Corrections to the data

The data presented here have been corrected for gross errors (e.g., a processing error whereby 3,800 becomes 38,000 in a published statistical table would be obvious in most cases, and it would be corrected). However, we have not attempted to correct the data for systematic age misstatement (misreporting of age) or coverage errors (over- or under-enumeration of people or events).

Some available studies assess the completeness of census coverage or death registration in the various countries, and more work is needed in this area. However, in developing the database thus far, we did not consider it feasible or desirable to attempt corrections of this sort, especially since it would be impossible to correct the data by a uniform method across all countries.


Age misreporting

Populations are included here if there is a well-founded belief that the coverage of their census and vital registration systems is relatively high, and thus, that fruitful analyses by both specialists and non-specialists should be possible with these data. Nevertheless, there is evidence of both age heaping (overreporting ages ending in "0" or "5") and age exaggeration in these data.

In general, the degree of age heaping in these data varies by the time period and population considered, but it is usually no burden to scientific analysis.

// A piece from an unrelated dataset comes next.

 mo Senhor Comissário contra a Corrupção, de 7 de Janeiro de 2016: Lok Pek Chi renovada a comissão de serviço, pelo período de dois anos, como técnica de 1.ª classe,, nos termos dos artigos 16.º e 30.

In most cases, it is sufficient to analyze data in five-year age groups in order to avoid the false impressions created by this particular form of age misstatement.

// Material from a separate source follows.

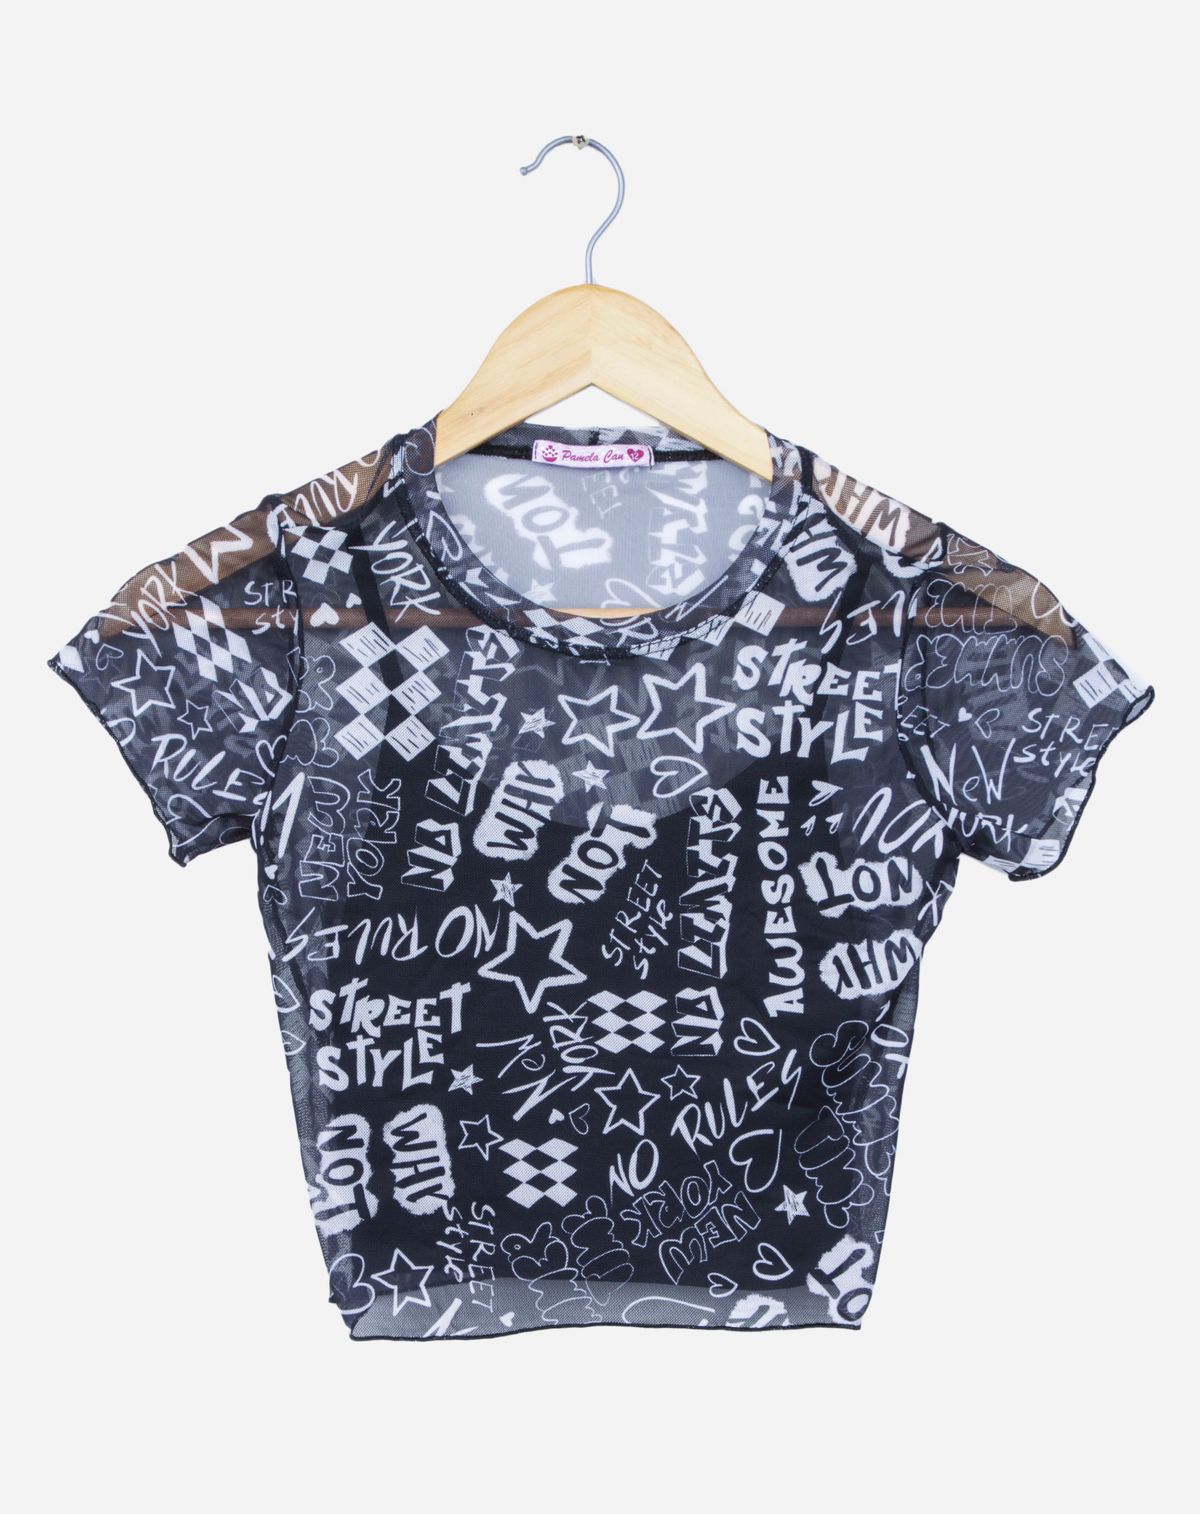 685283004-camiseta-manga-curta-juvenil-menina-estampada-preto-12-1ac
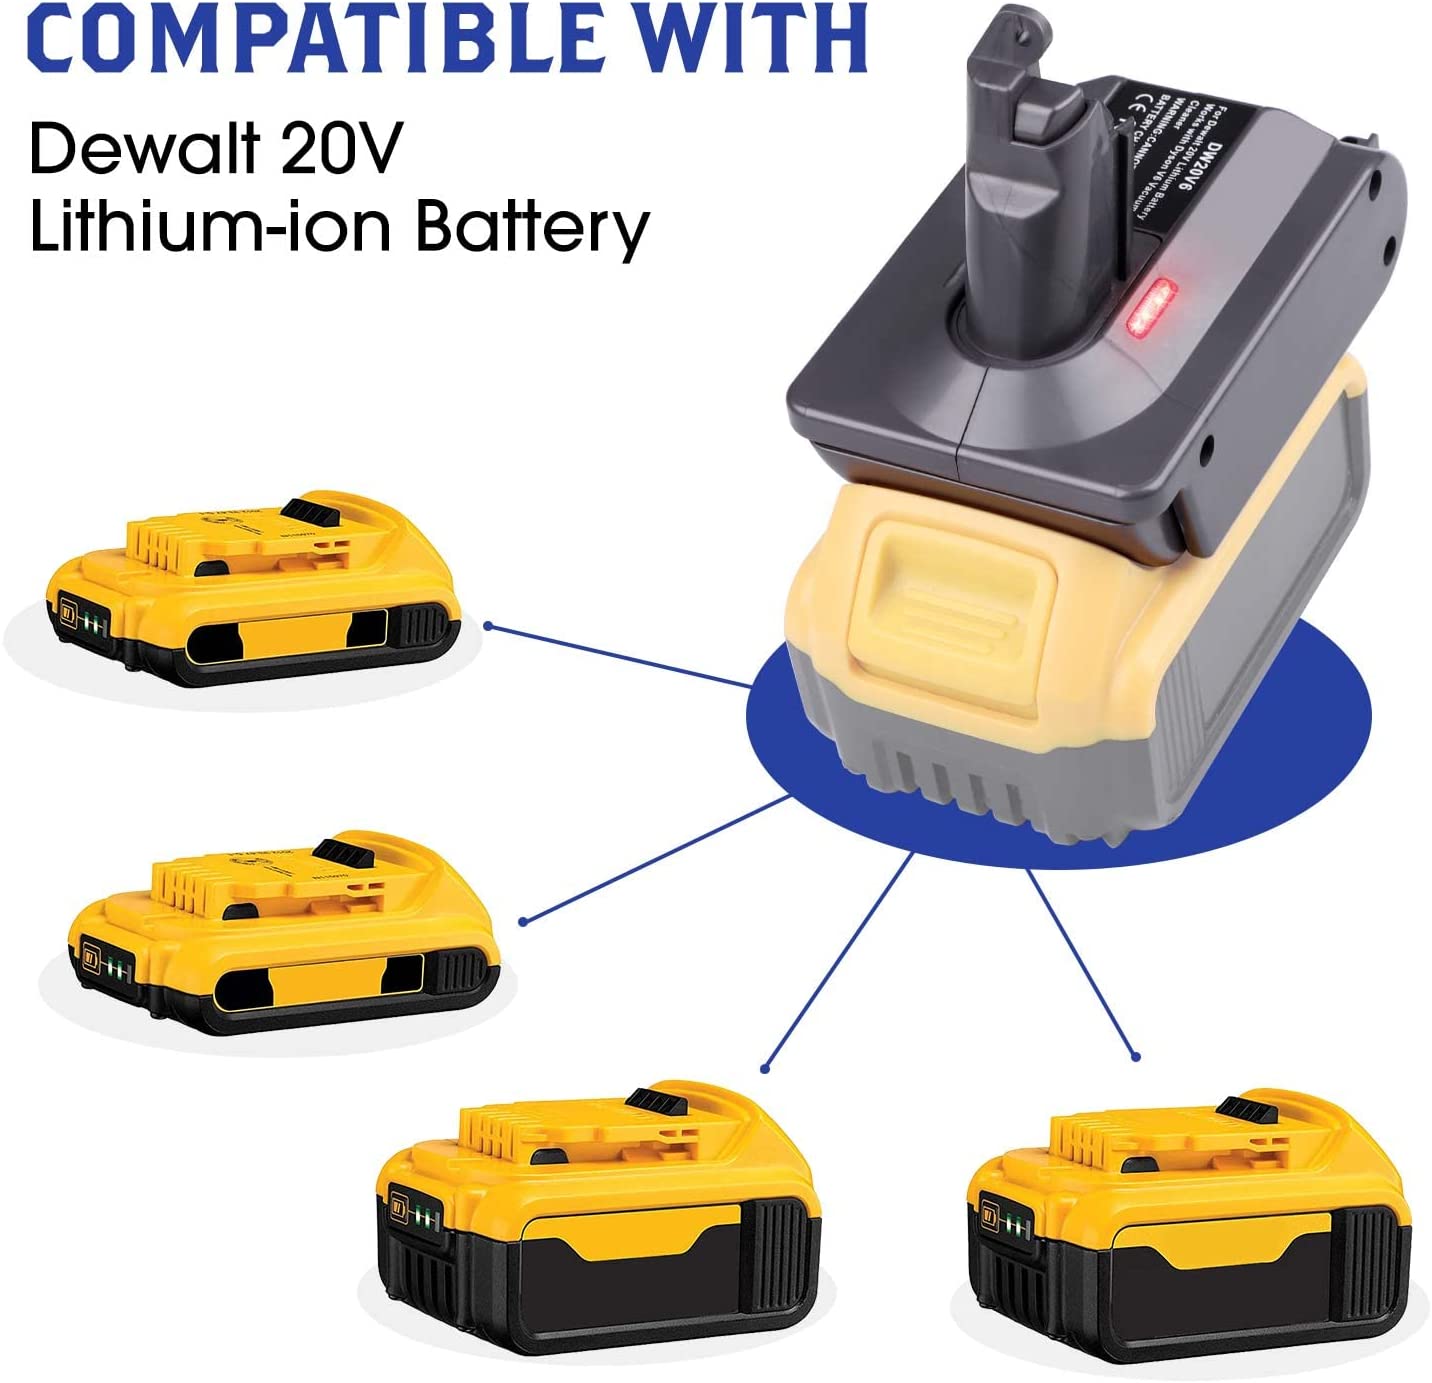 Adaptador de bateria Dyson per a bateria de liti Dewalt 20V convertida a bateria Dyson V7

Age exaggeration, on the other hand, is a more insidious problem. Our approach is guided by the conventional wisdom that age reporting in death registration systems is typically more reliable than in census counts or official population estimates. For this reason, we derive population estimates at older ages from the death counts themselves, employing extinct cohort methods. Such methods eliminate some, but certainly not all, of the biases in old-age mortality estimates due to age exaggeration.


Uniform set of procedures

A key goal of this project is to follow a uniform set of procedures for each population. This approach does not guarantee the cross-national comparability of the data. Rather, it ensures only that we have not introduced biases by our own manipulations. Our desire for uniformity had to face the challenge that raw data come in a variety of formats (for example, 1-year versus 5-year age groups). Our general approach to this problem is that the available raw data are used first to estimate two quantities: 1) the number of deaths by completed age, year of birth, and year of death; and 2) population estimates by single years of age on January 1 of each year. For each population, these calculations are performed separately by sex. From these two pieces of information, we compute death rates and life tables in a variety of age-time configurations.

It is reasonable to ask whether a single procedure is the best method for treating the data from a variety of populations. Here, two points must be considered. First, our uniform methodology is based on procedures that were developed separately, though following similar principles, for various countries and by different researchers. Earlier methods were synthesized by choosing what we considered the best among alternative procedures and by eliminating superficial inconsistencies. The second point is that a uniform procedure is possible only because we have not attempted to correct the data for reporting and coverage errors. Although some general principles could be followed, such problems would have to be addressed individually for each population.

Although we adhere strictly to a uniform procedure, the data for each population also receive significant individualized attention. Each country or area is assigned to an individual researcher, who takes responsibility for assembling and checking the data for errors. In addition, the person assigned to each country/area checks our data against other available sources. These procedures help to assure a high level of data quality, but assistance from database users in identifying problems is always appreciated!